Entries shown:

----

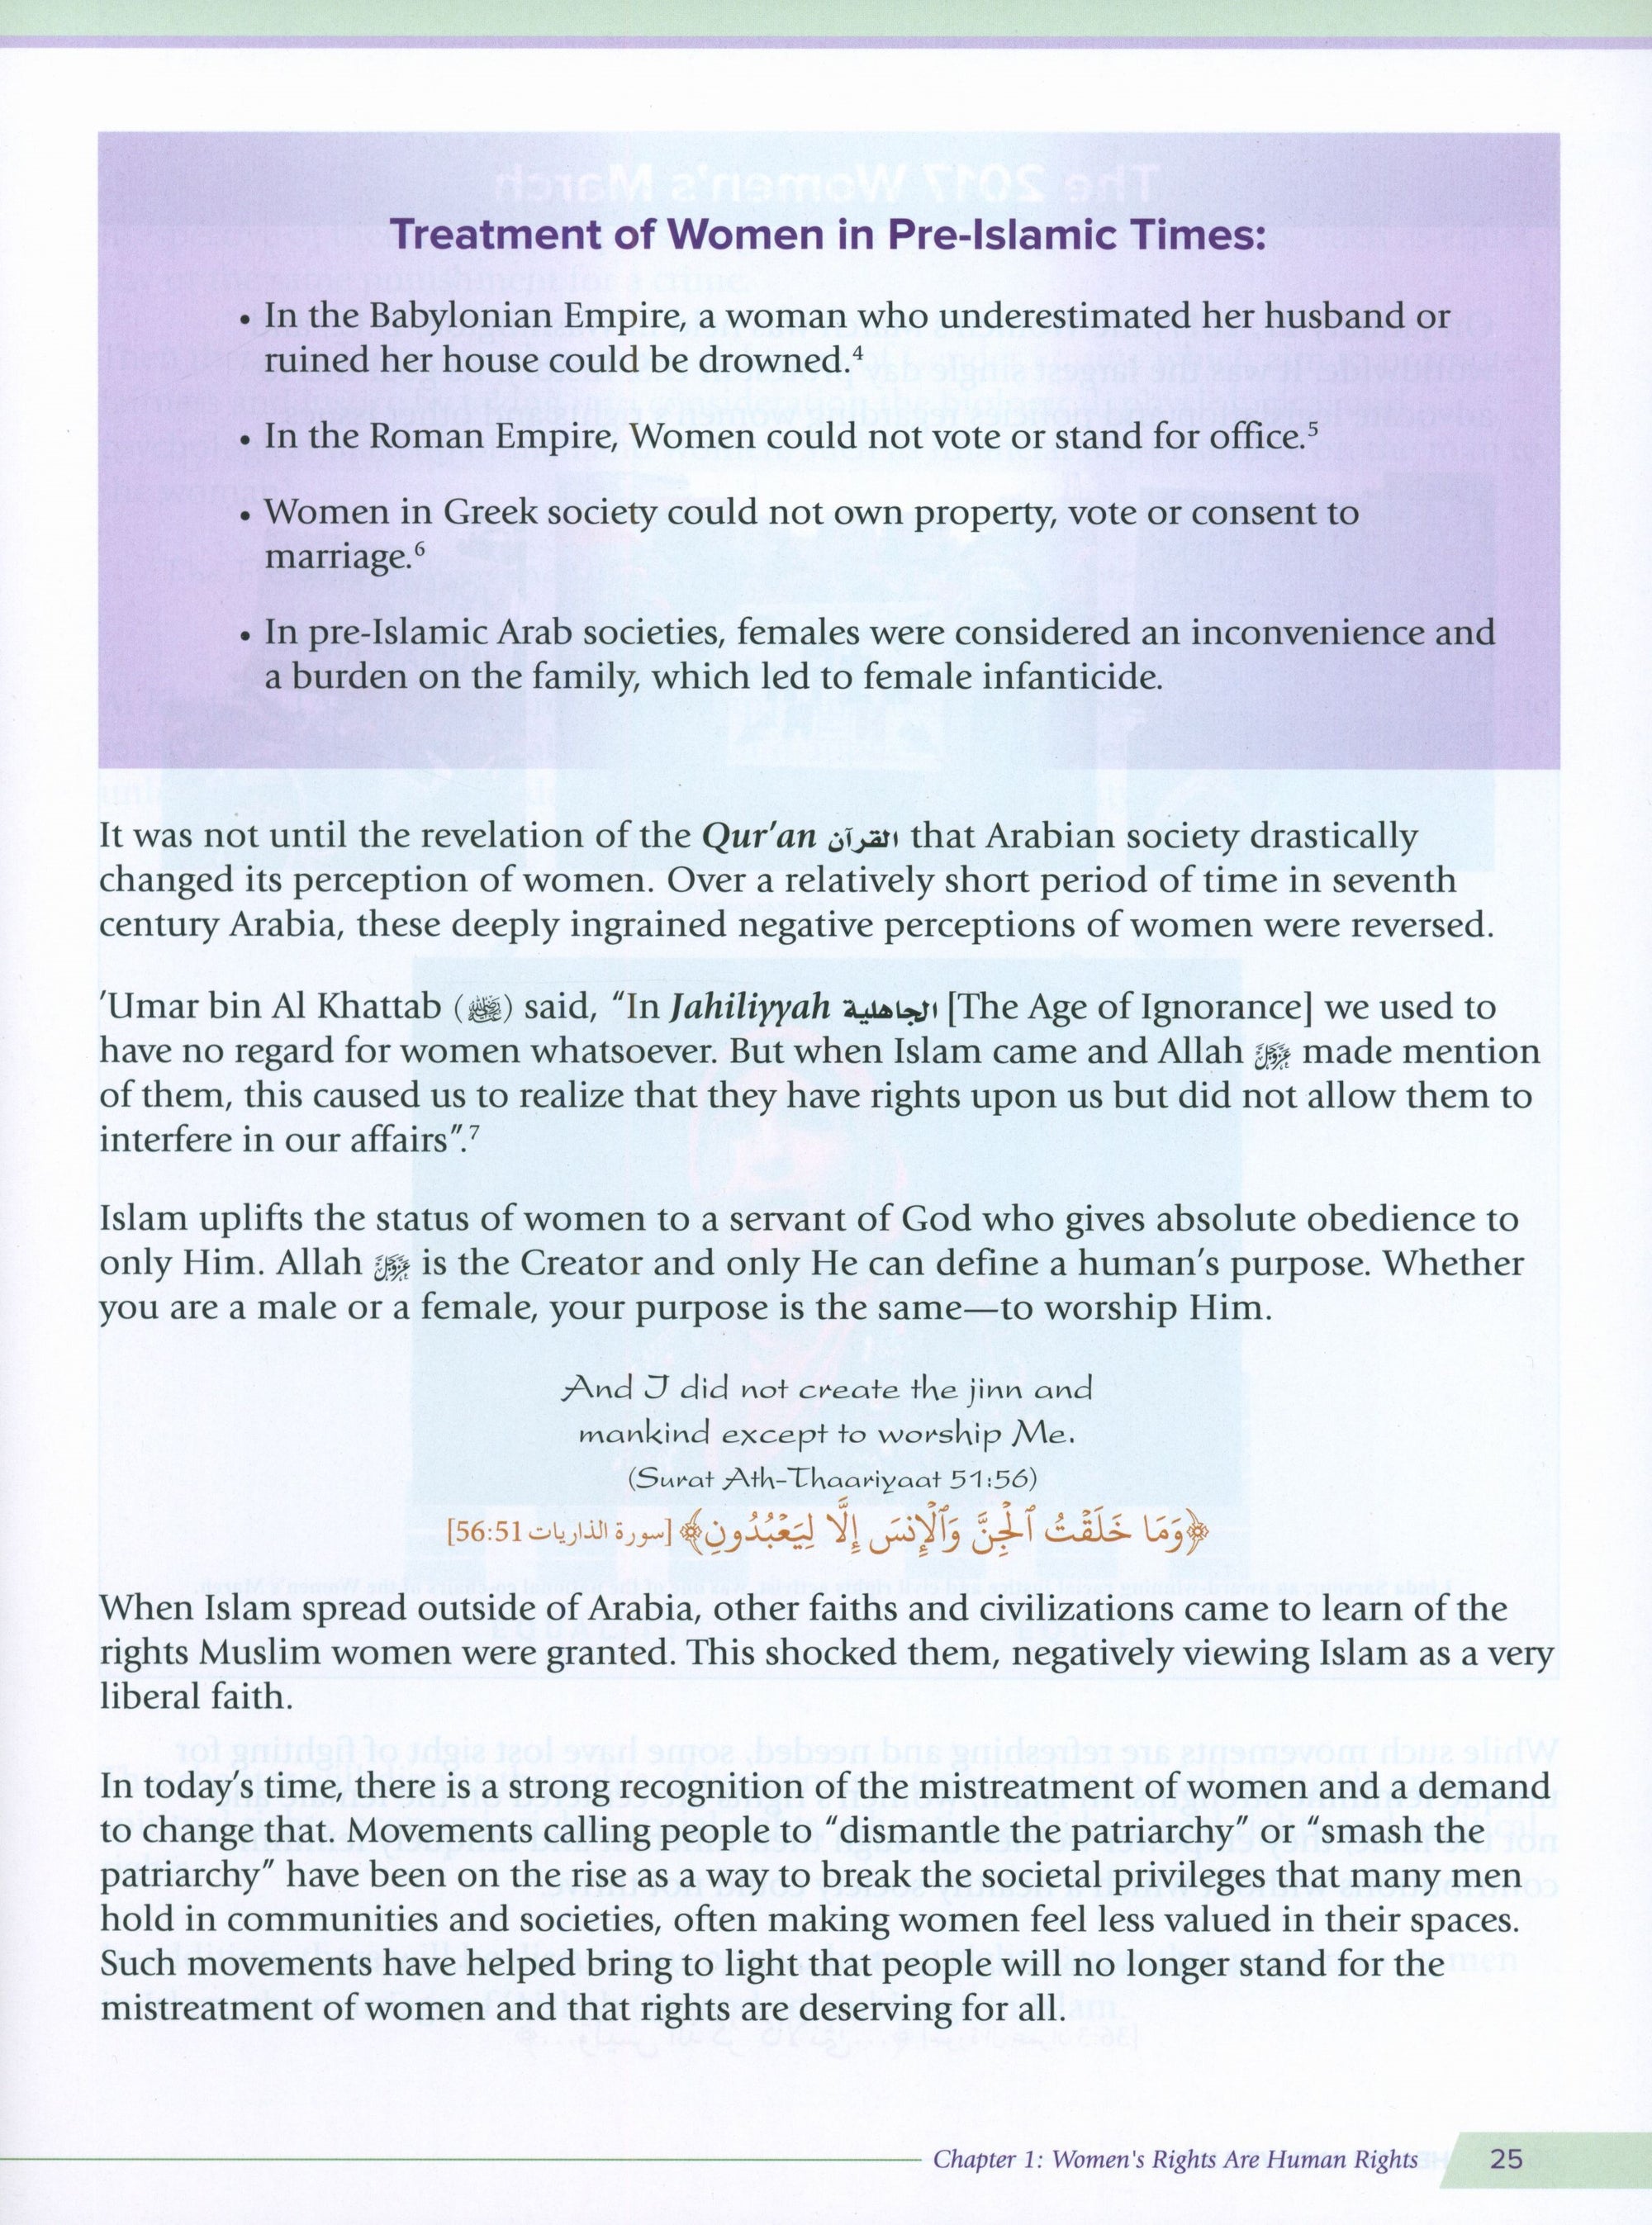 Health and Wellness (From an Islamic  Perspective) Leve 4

----

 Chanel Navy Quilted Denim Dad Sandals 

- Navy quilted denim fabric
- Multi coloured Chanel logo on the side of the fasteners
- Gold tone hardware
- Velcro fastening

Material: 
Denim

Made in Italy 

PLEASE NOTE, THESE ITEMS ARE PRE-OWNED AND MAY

----

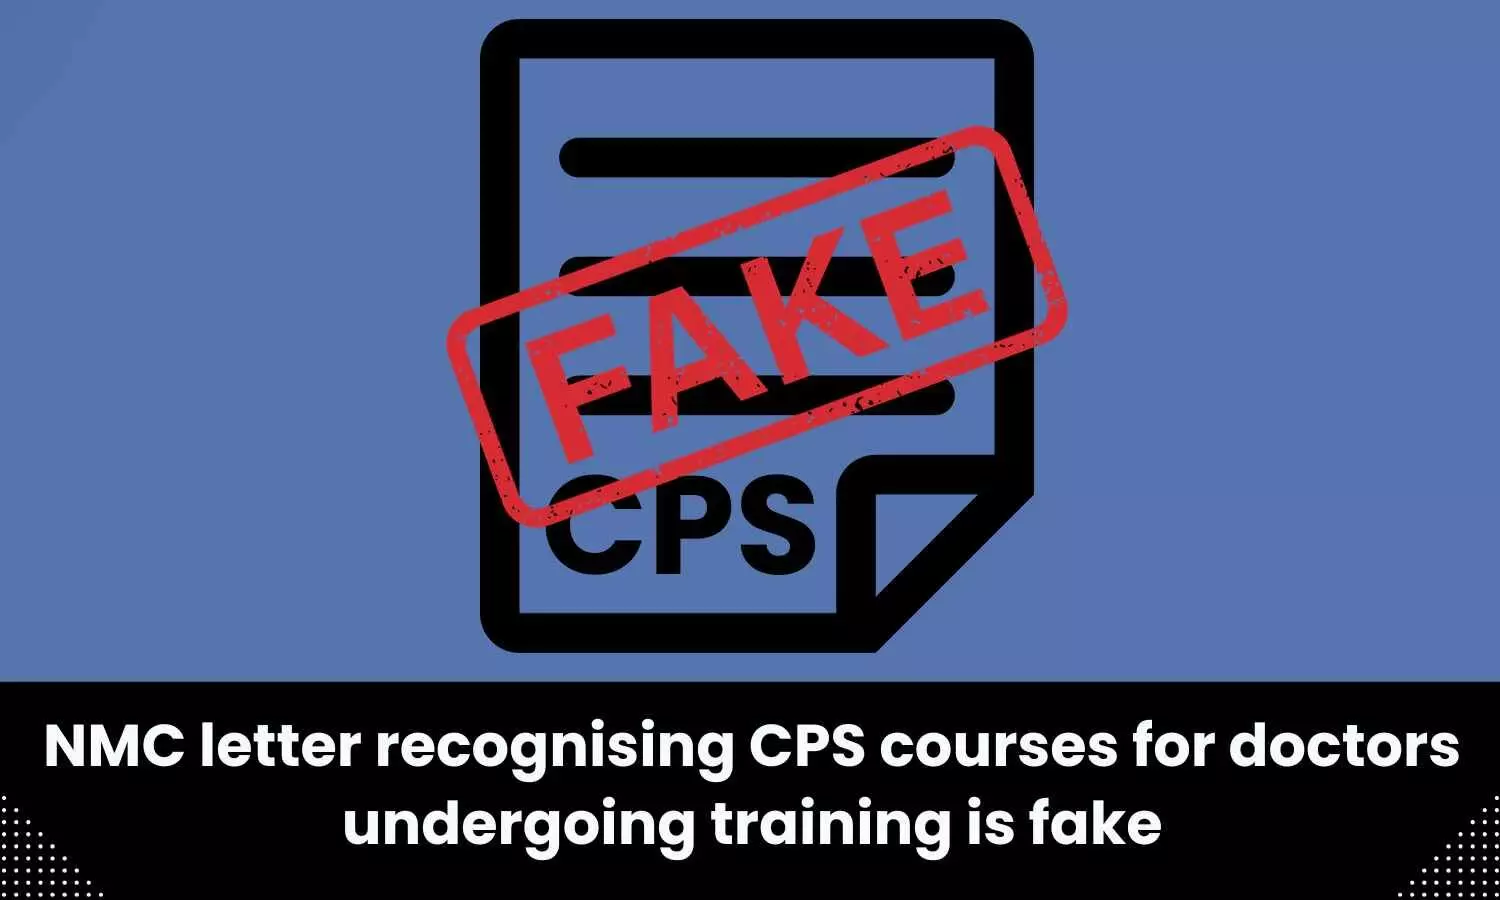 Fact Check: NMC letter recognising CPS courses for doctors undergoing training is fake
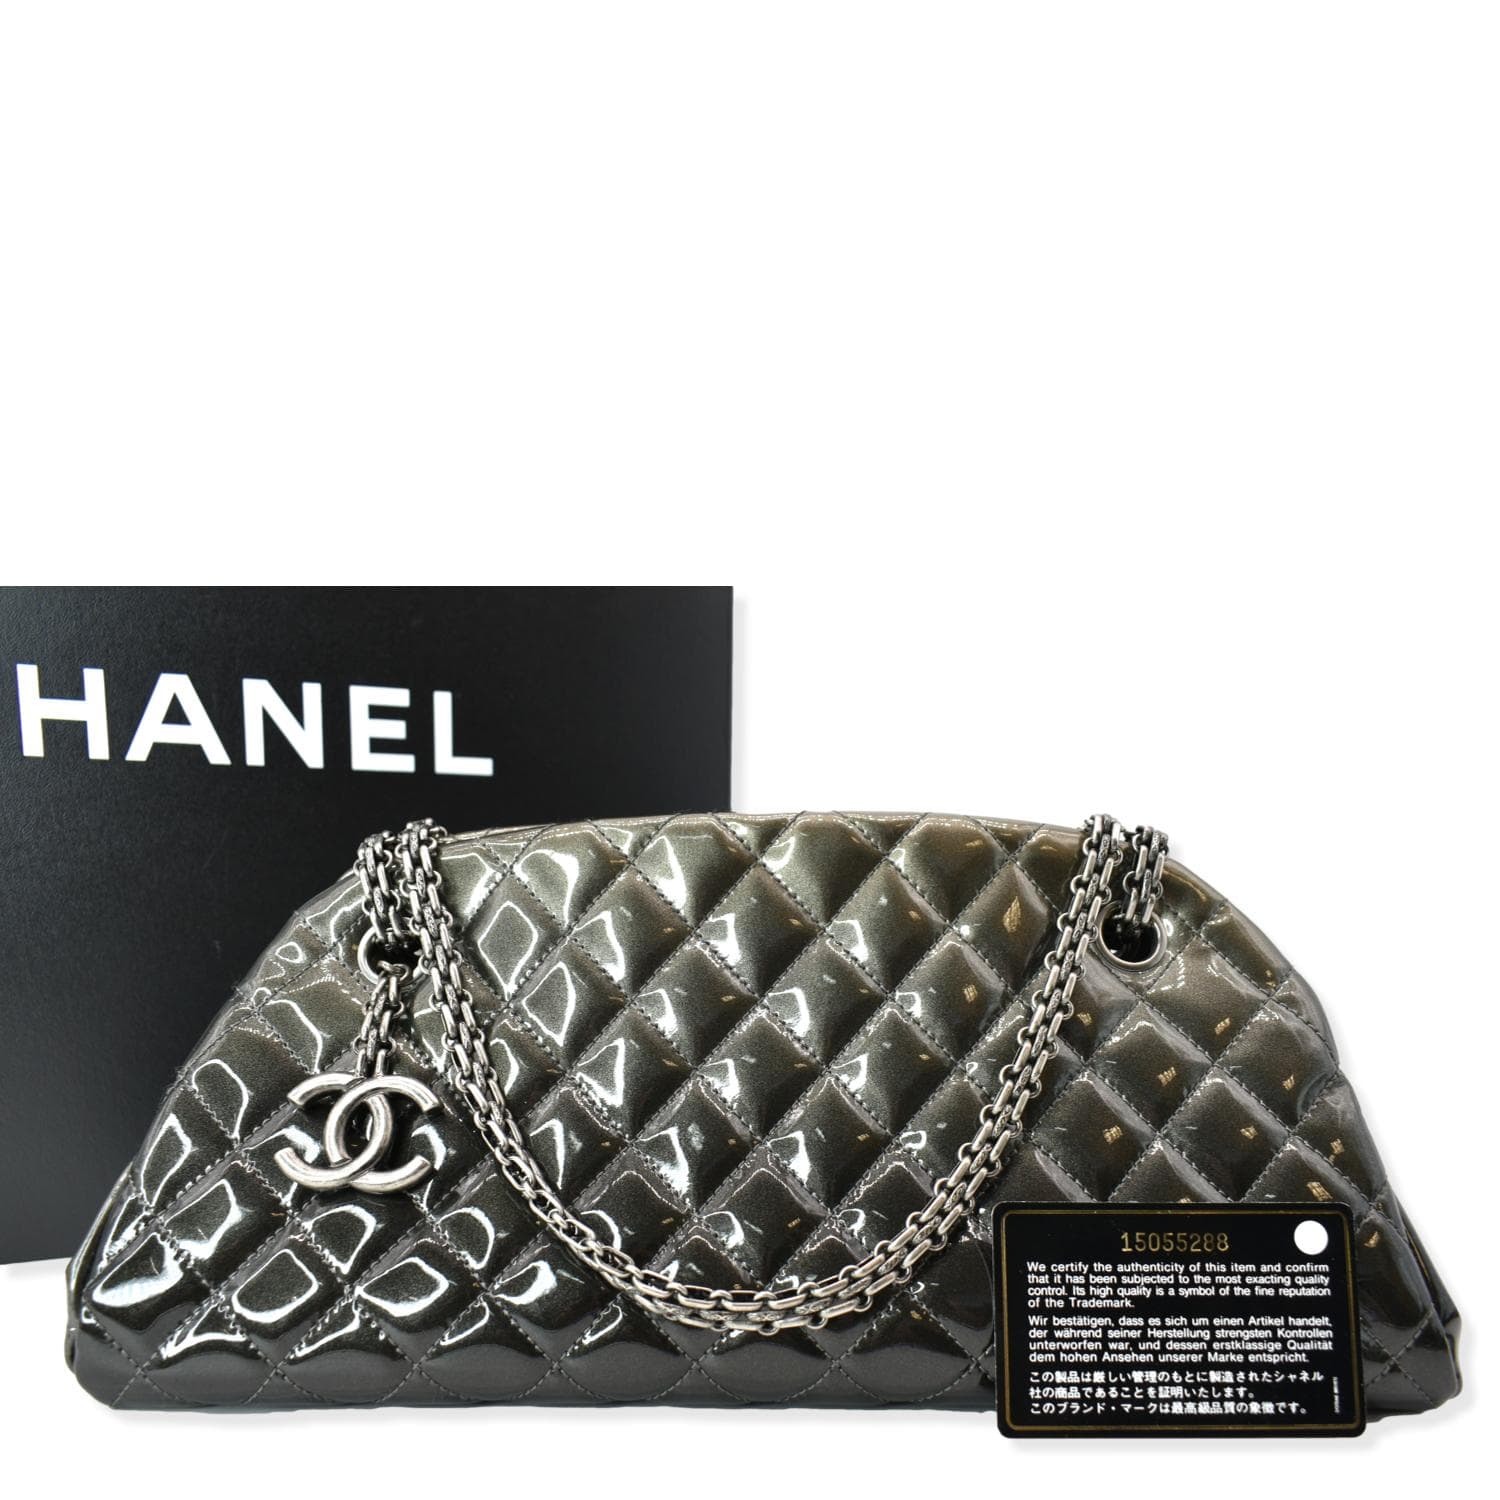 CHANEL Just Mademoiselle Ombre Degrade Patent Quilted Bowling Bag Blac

----

Task brief:
Each line above from the one with "- Multi coloured" up to and including the one with "PLEASE NOTE, THESE" must be set down exactly, and no line outside that span may appear.

Task response:
- Multi coloured Chanel logo on the side of the fasteners
- Gold tone hardware
- Velcro fastening

Material: 
Denim

Made in Italy 

PLEASE NOTE, THESE ITEMS ARE PRE-OWNED AND MAY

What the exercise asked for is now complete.